[OPSAWG] Service Assurance for Intent-based Networking Architecture

stefan vallin <stefan@wallan.se> Wed, 20 November 2019 10:38 UTC

From: stefan vallin <stefan@wallan.se>
Content-Type: text/plain; charset="utf-8"
Content-Transfer-Encoding: quoted-printable
Mime-Version: 1.0 (Mac OS X Mail 12.4 \(3445.104.11\))
Date: Wed, 20 Nov 2019 11:37:17 +0100
References: <5D45EBA8-4DD3-420C-A91A-AA804D6216B4@charter.com> <BYAPR11MB258458B4AE8882195FE1845BDA4F0@BYAPR11MB2584.namprd11.prod.outlook.com>
To: "opsawg@ietf.org" <opsawg@ietf.org>
In-Reply-To: <BYAPR11MB258458B4AE8882195FE1845BDA4F0@BYAPR11MB2584.namprd11.prod.outlook.com>
Message-Id: <034B974F-C977-46F6-BFC8-F2EC2B369CAB@wallan.se>
Archived-At: <https://mailarchive.ietf.org/arch/msg/opsawg/XM1LJ1R3uTtCg-HKq2RvsQnv1Ew>
Subject: [OPSAWG] Service Assurance for Intent-based Networking Architecture
Precedence: list

Hi Benoit!
Thanks for bringing the issue of service assurance to the table.
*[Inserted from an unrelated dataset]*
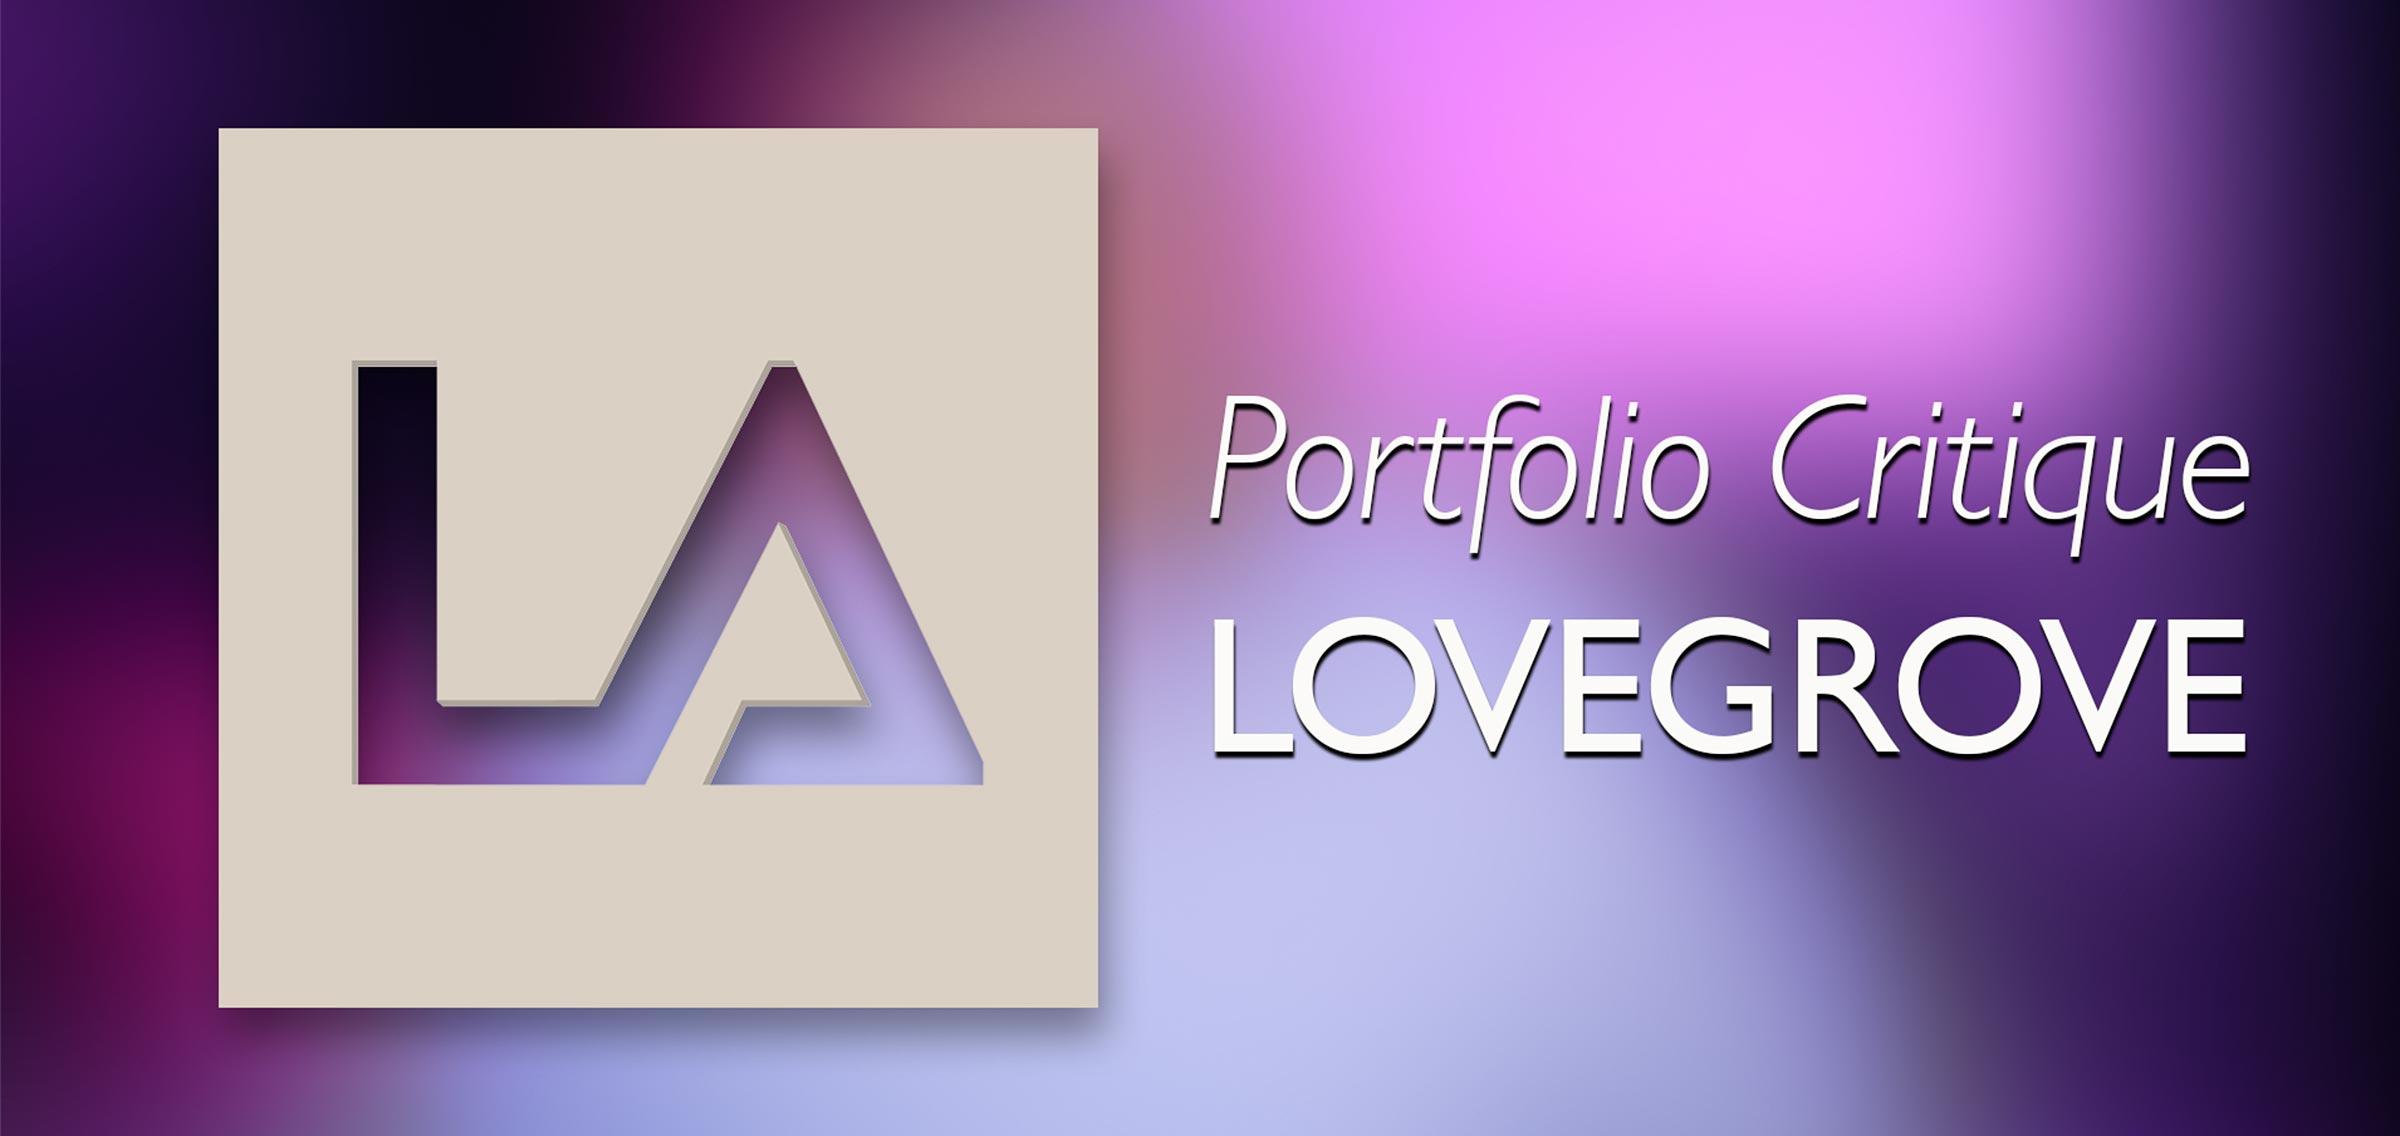 Portfolio critiques by Damien Lovegrove

More work is needed on this topic.

Some high-level comments on the drafts

The drafts present a YANG module for performing reasoning across a “generic” service tree.
This has existed in assurance systems for a long time: inventory based systems as well as fault managers had modules for this, like Micromuse Impact, OpenView Service Navigator etc.
The overall idea is to feed KPIs, events, alarms etc into the tree and reasoning upwards to do service impact analysis and downwards to do root-cause analysis.
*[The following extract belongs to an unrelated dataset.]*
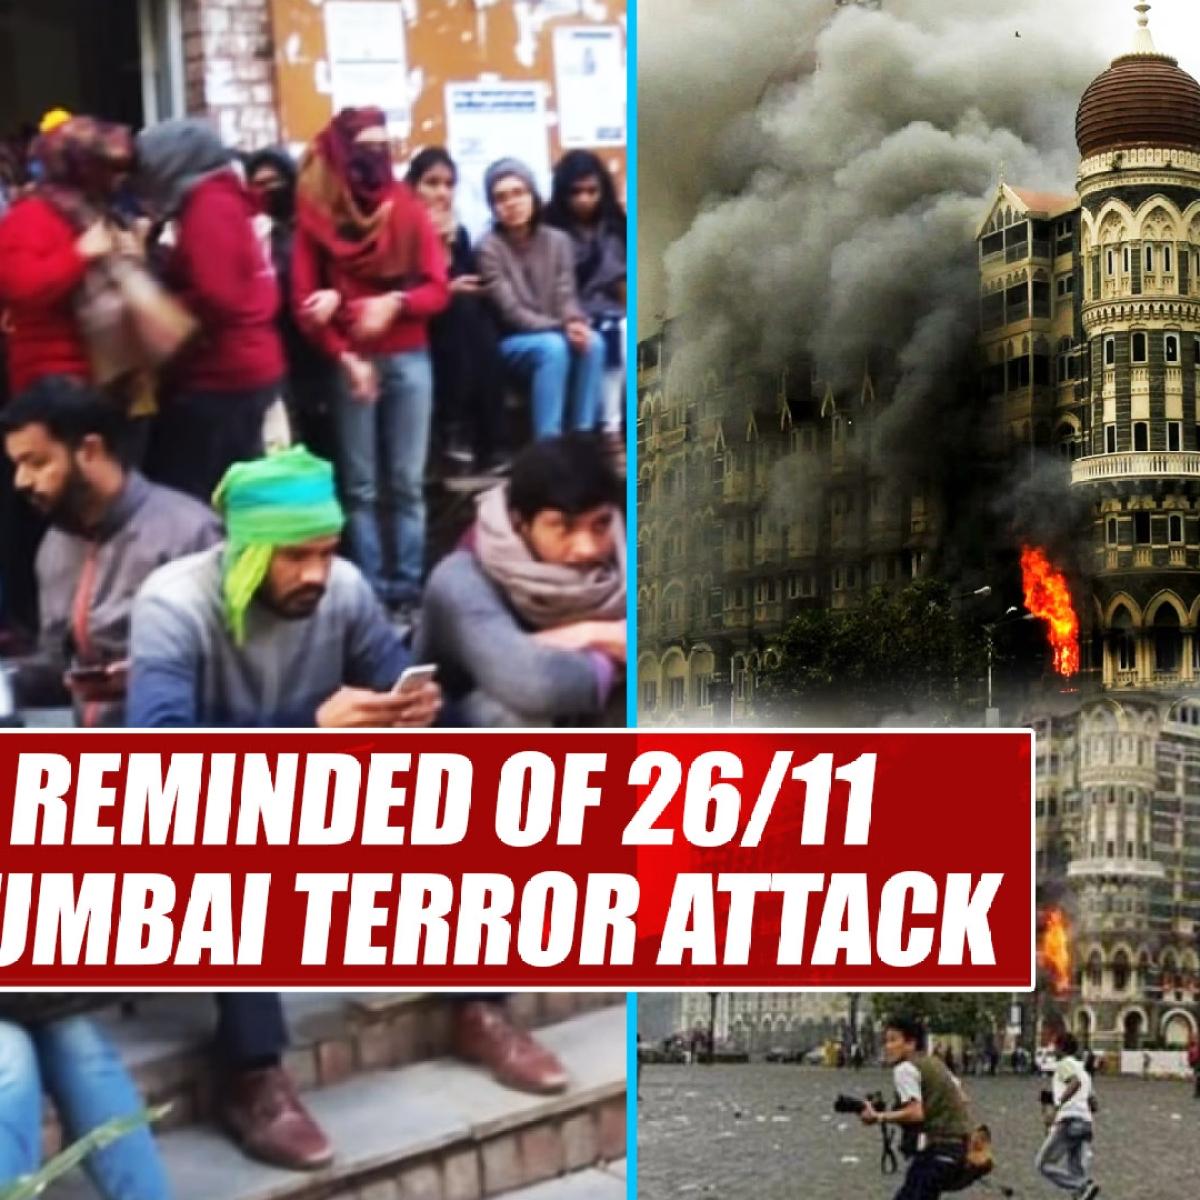 Reminded of 26/11 Mumbai terror attack: Uddhav Thackeray on JNU violence

I have some concerns based on the above:
1) The draft should be renamed. Claiming a service tree being *the* architecture for intent-based network assurance is maybe too ambitious. There are so many other things needed for service assurance in intent-based networking:
- how to represent service tests and service SLA monitoring as part of the intent?
- how to monitor the data-plane as such
- how to represent closed-loop policies
- and more
So I think the draft should be renamed to the relevant, more limited scope: A "YANG data-model for representing generic service trees”, or something

2) Looking back at practical experience with above mentioned tools, it was very hard to get the approach to work (or someone else out there is smarter?).
The dependencies between services/subservices are subtle. Either the dependencies get too coarse-grained so that everything gets red, or too fine-grained to have too few hits. Who are to express this knowledge in a large multi-vendor network? The classical service impact tools had fairly advanced algorithms attached to the graph to try to capture this, not just a dependency link. It more or less is as complex as the knowledge acquisition problem for classical rule-based AI, how many dependencies do we need to express until we can do a good job in the service tree?

Since it is configuration data in the model, I guess it is assumed that the orchestrator should set up all of this. But in many cases this is "hidden" in other domains, like networking protocols and vendor specific details. Also with networks becoming more dynamic and virtual, it is hard to see how the service structures can be statically maintained as *configuration*.

Another underlying challenge is that most of the network problems are configuration related, and not detected by device instrumentation.
Non-optimal QoS config, firewall rules etc, these are not detected by the firewall or router, no alarms.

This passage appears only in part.